1. Introducing Actions¶
Actions is an online tool for scheduling, running, and monitoring computer programming scripts in a far-off data center without human intervention. It is one of the commercial services offered by GitHub, Microsoft’s multi-faceted software development site.
The tasks it executes are configured and run alongside the code that programmers store on the platform, allowing quick and easy development. Due to its low cost and tight integration with the popular code-management system, Actions has emerged as one of the most popular automation tools.
GitHub created the tool primarily to help coders with continuous integration and continuous deployment practices that automate the review, testing and circulation of freshly written code.

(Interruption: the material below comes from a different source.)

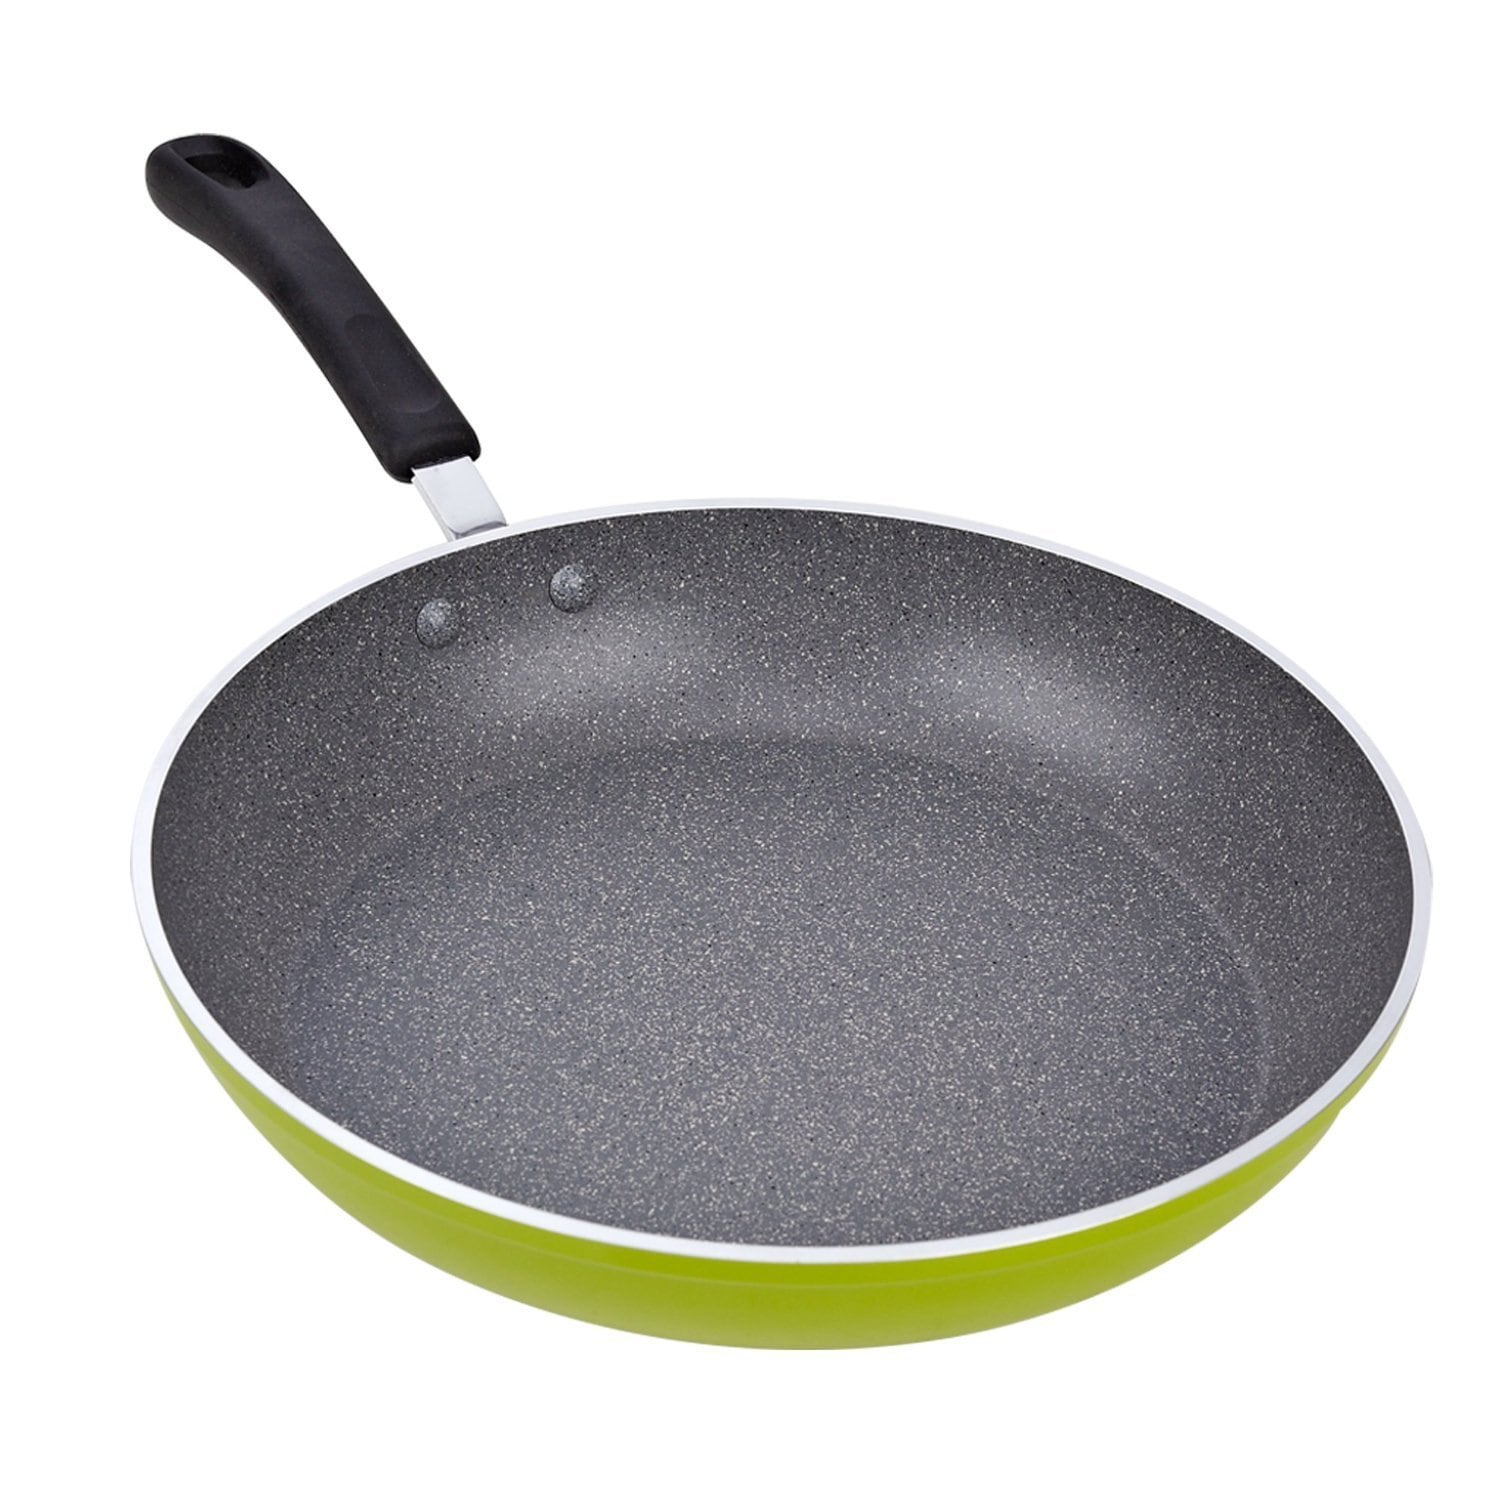 12 inch non stick frying pan with lid

For example, a routine set of Actions vets every change made to the codebase of Microsoft’s Visual Studio Code, a popular open-source project managed via GitHub.
Each time a developer submits a patch for review, tests run to ensure nothing breaks. When changes are approved, an Actions task automatically ships out the latest version to users.
These routines are common in the software industry, where they strengthen quality control and speed up releases.
However, Actions tasks are not limited to arcane, back-office work. Because they can run any kind of script, computer programmers, including journalists, have found ways to use Actions creatively.
A simple example is the @ReutersJobs social media bot. The project scrapes the job listings from the Reuters website, identifies new openings, generates promotional images and posts notices on social media.
The bot’s code is hosted on GitHub where Actions linked to the repository are configured to run a series of Python scripts every six hours. This process that is logged and monitored via the repository’s Actions tab.
This panel allows you to see the progress of tasks as they execute and review the results of previous runs.
In this way, reporters at top news organizations routinely use Actions to automate data collection, processing, analysis and publication. This class will teach you some of their techniques. We’ll start with a simple example and then build up to more complex and powerful configurations.